CHAPTER VIII

ROMAN DOMINATION IN THE MEDITERRANEAN; THE FIRST PHASE—THE STRUGGLE WITH CARTHAGE; 265–201 B. C.

I. The Mediterranean World in 265 b. c.

Rome a world power. With the unification of the Italian peninsula Rome entered upon a new era in her foreign relations. She was now one of the great powers of the Mediterranean world and was inevitably drawn into the vortex of world politics. She could no longer rest indifferent to what went on beyond the confines of Italy. She assumed new responsibilities, opened up new diplomatic relations, developed a new outlook and new ambitions. At this time the other first-class powers were, in the east, the three Hellenistic monarchies—Egypt, Syria, and Macedon,—which had emerged from the ruins of the empire of Alexander the Great, and, in the west, the city state of Carthage.

Egypt. The kingdom of Egypt, ruled by the dynasty of the Ptolemies, comprised the ancient kingdom of Egypt in the Nile valley, Cyrene, the coast of Syria, Cyprus, and a number of cities on the shores and islands of the Aegean Sea. In Egypt the Ptolemies ruled as foreigners over the subject native population. They maintained their authority by a small mercenary army recruited chiefly from Macedonians and Greeks, and by a strongly centralized administration, of which the offices were in Greek hands. As the ruler was the sole proprietor of the land of Egypt, the native Egyptians, the majority of whom were peasants who gained their livelihood by tilling the rich soil of the Nile valley, were for the most part tenants of the crown, and the restrictions and obligations to which they were subject rendered their status little better than that of serfs. A highly developed but oppressive system of taxation and government monopolies, largely an inheritance from previous dynasties, enabled the Ptolemies to wring from their subjects the revenues with which they maintained [pg 69]a brilliant court life at their capital, Alexandria, and financed their imperial policy.

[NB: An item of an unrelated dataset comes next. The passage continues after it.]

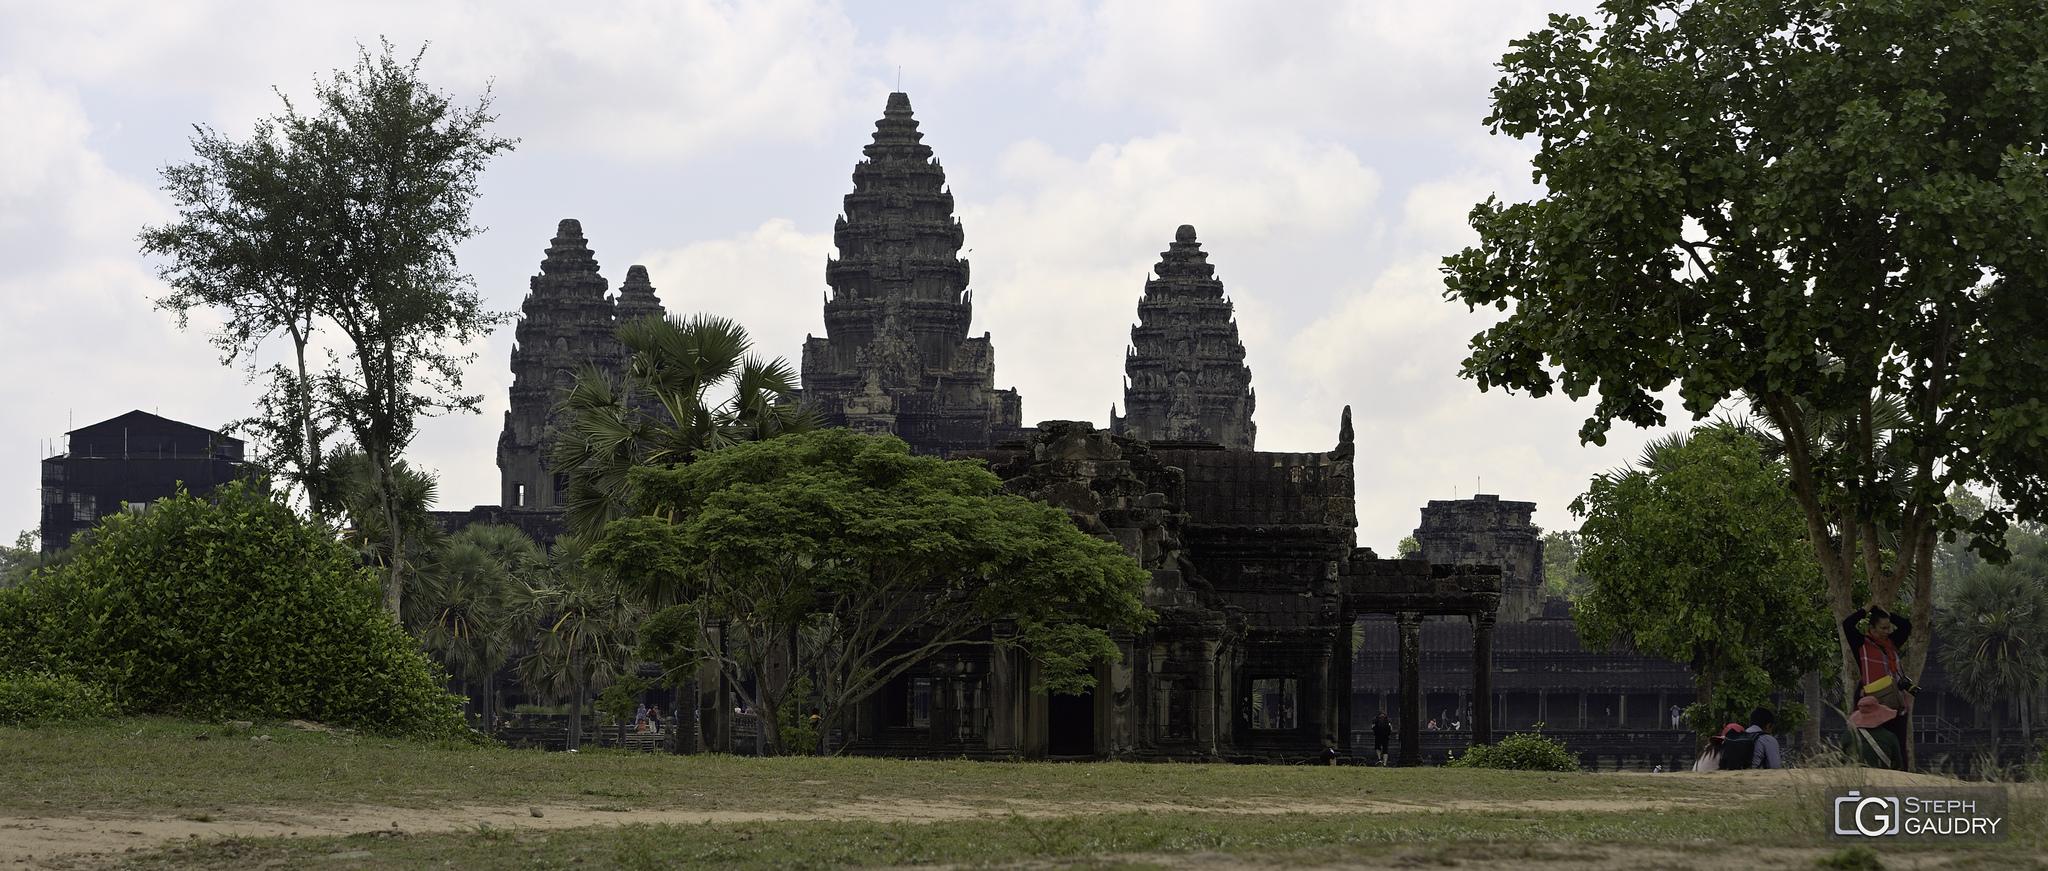 Angkor 2018_05_01_095656 [Click to start slideshow]

The aim of this policy was to secure Egyptian domination in the Aegean, among the states of Southern Greece, and in Phoenicia, whose value lay in the forests of the Lebanon mountains. To carry it into effect the Ptolemies were obliged to support a navy which would give them the command of the sea in the eastern Mediterranean. However, the occupation of their outlying possessions brought Egypt into perpetual conflict with Macedon and Syria, whose rulers made continued efforts to oust the Ptolemies from the Aegean and from the Syrian coast.

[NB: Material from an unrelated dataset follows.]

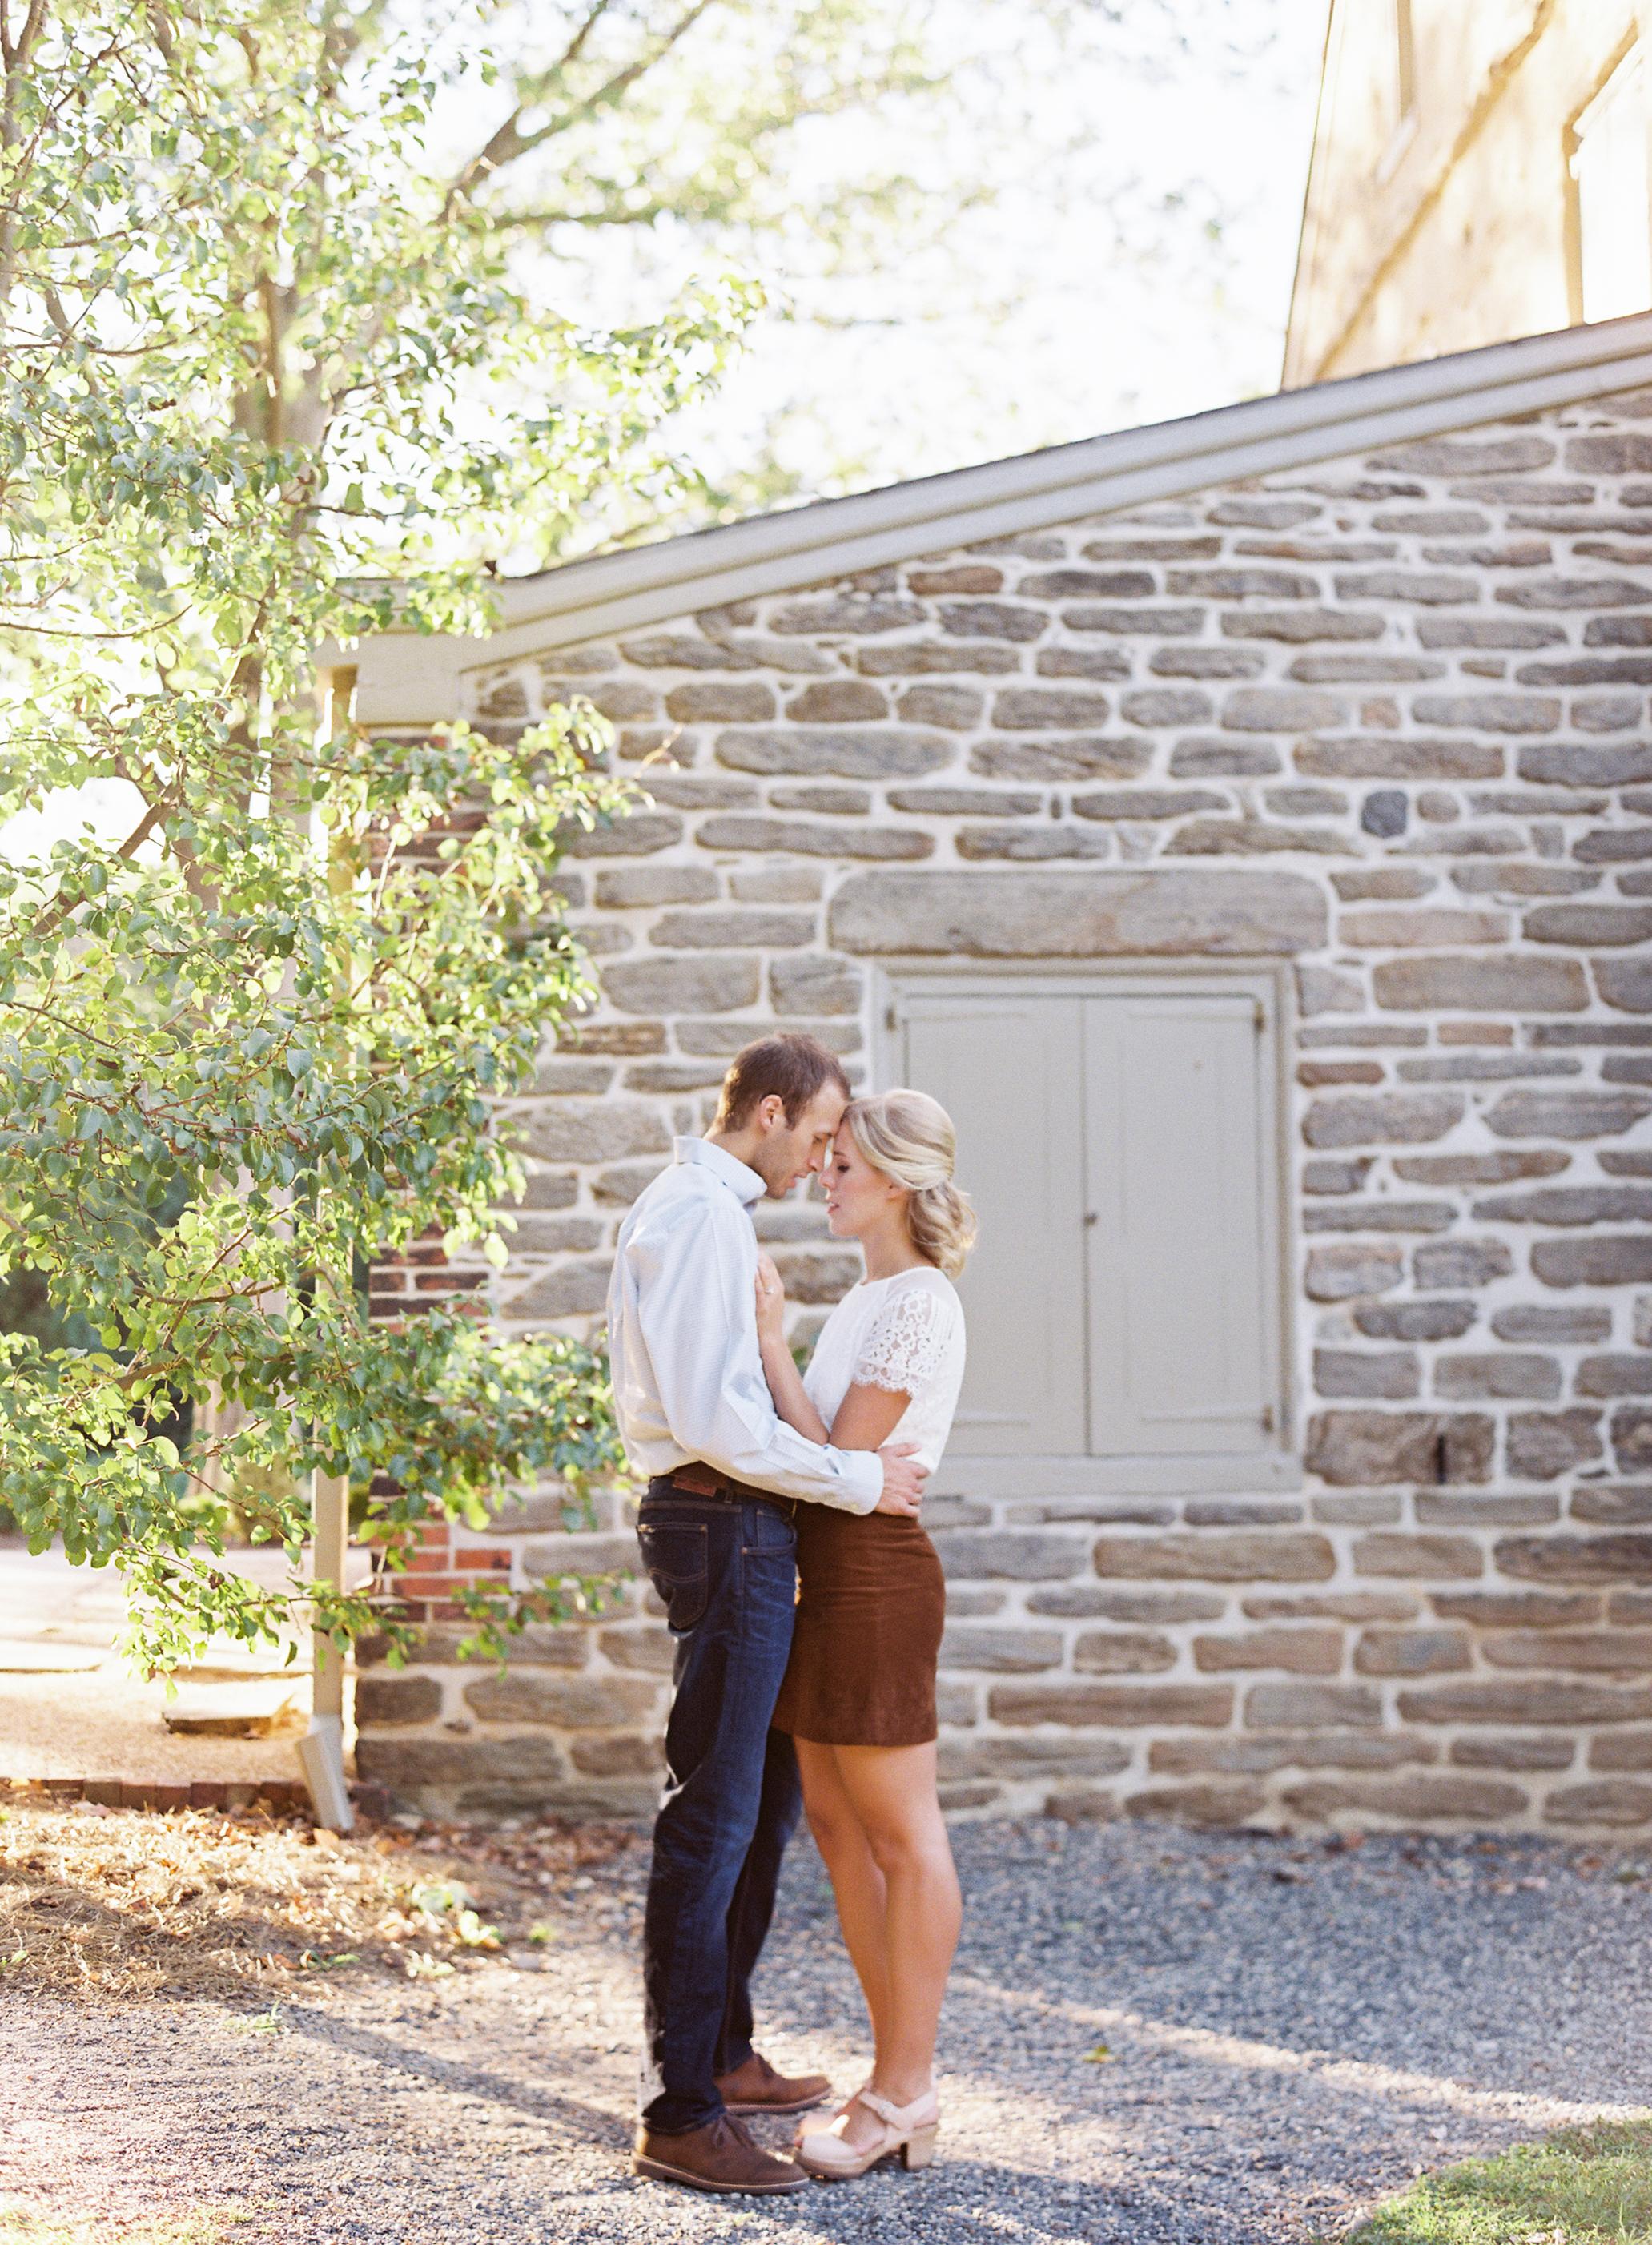 Meghan Mehan Photography | Fine Art Film Wedding Photographer | California | San Francisco | Napa | Sonoma | Santa Barbara | Big Sur | Los Angeles | Destination Wedding Photographer 026.jpg

Syria. Syria, the kingdom of the Seleucids, with its capital at Antioch on the Orontes, was by far the largest of the Hellenistic monarchies in extent and population, and in wealth it ranked next to Egypt. It stretched from the Aegean to the borders of India, and included the southern part of Asia Minor, Mesopotamia, Persia, and northern Syria. But the very size of this kingdom was a source of weakness, because of the distances which separated its various provinces and the heterogeneous racial elements which it embraced. The power of the dynasty was upheld, as in Egypt, by a mercenary army, and also by the Greek cities which had been founded in large numbers by Alexander the Great and his successors. However, these islands of Greek culture did not succeed to any great extent in Hellenizing the native populations which remained in a state of subjection, indifferent or hostile to their conquerors. Furthermore the strength of the Seleucid empire was sapped by repeated revolts in its eastern provinces and dissensions between the members of the dynasty itself.

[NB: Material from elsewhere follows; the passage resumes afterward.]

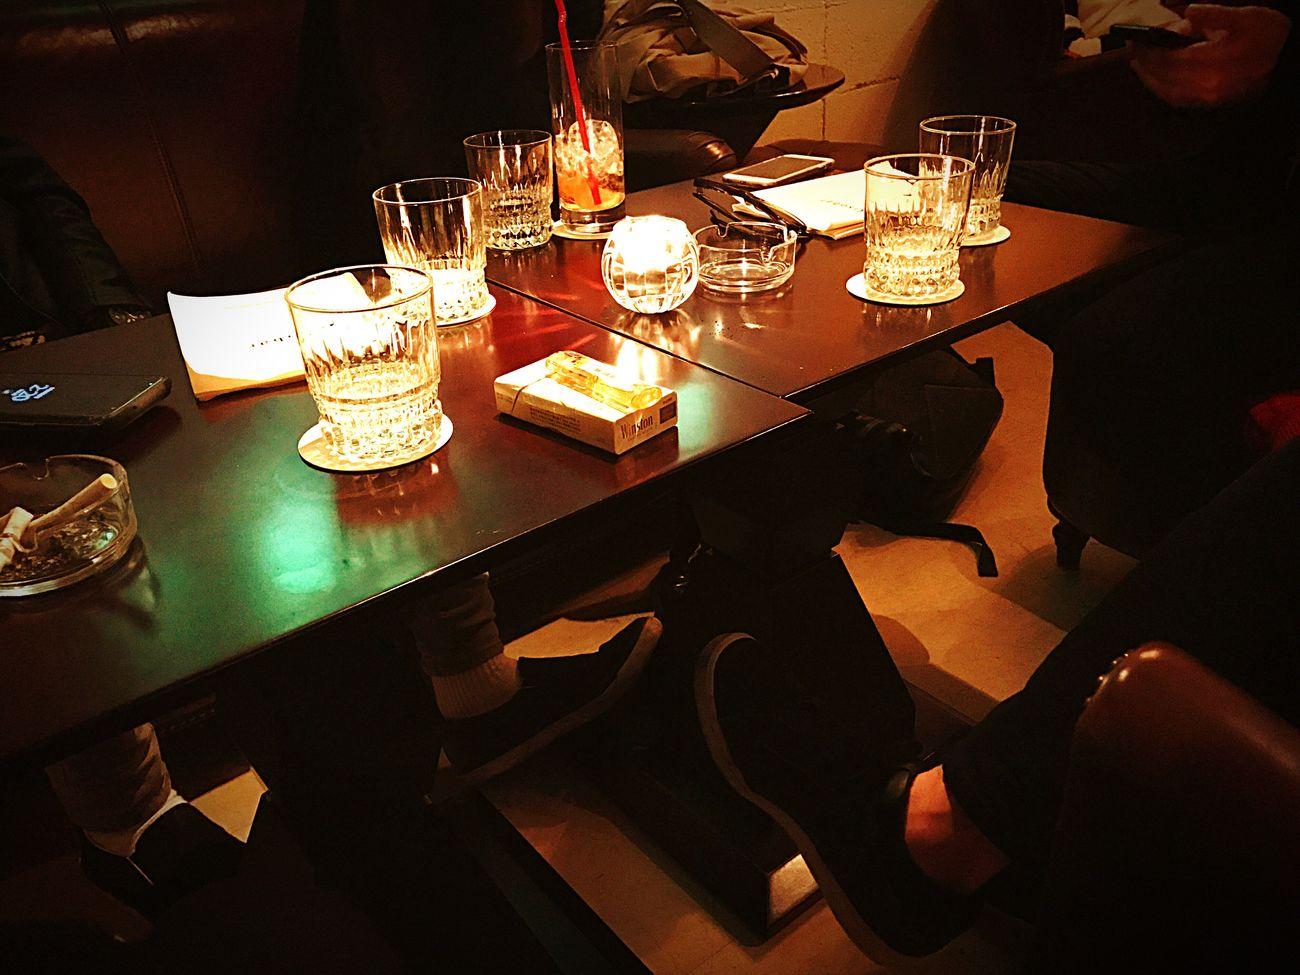 Table Drink Night Drinking Glass Indoors  Bar Nishiazabu Minatoku Alcohol Followme Like Happy Swag

Macedon. The kingdom of Macedon, ruled by the house of the Antigonids, was the smallest of the three in extent, population and resources, but possessed an internal strength and solidarity lacking in the others. For in Macedon, the Antigonids, by preserving the traditional character of the patriarchal monarchy, kept alive the national spirit of the Macedonians and made them loyal to the dynasty. They also retained a military system which fostered the traditions of the times of Philip II and Alexander, and which, since the Macedonian people had not lost its martial character, furnished a small but efficient national army. Outside of Macedon, the Antigonids held sway over Thessaly and the eastern part of Greece as far south as the Isthmus of Corinth. Their attempts to dominate the whole [pg 70]peninsula were thwarted by the opposition of the Aetolian and Achaian Confederacies, who were supported in this by the Ptolemies.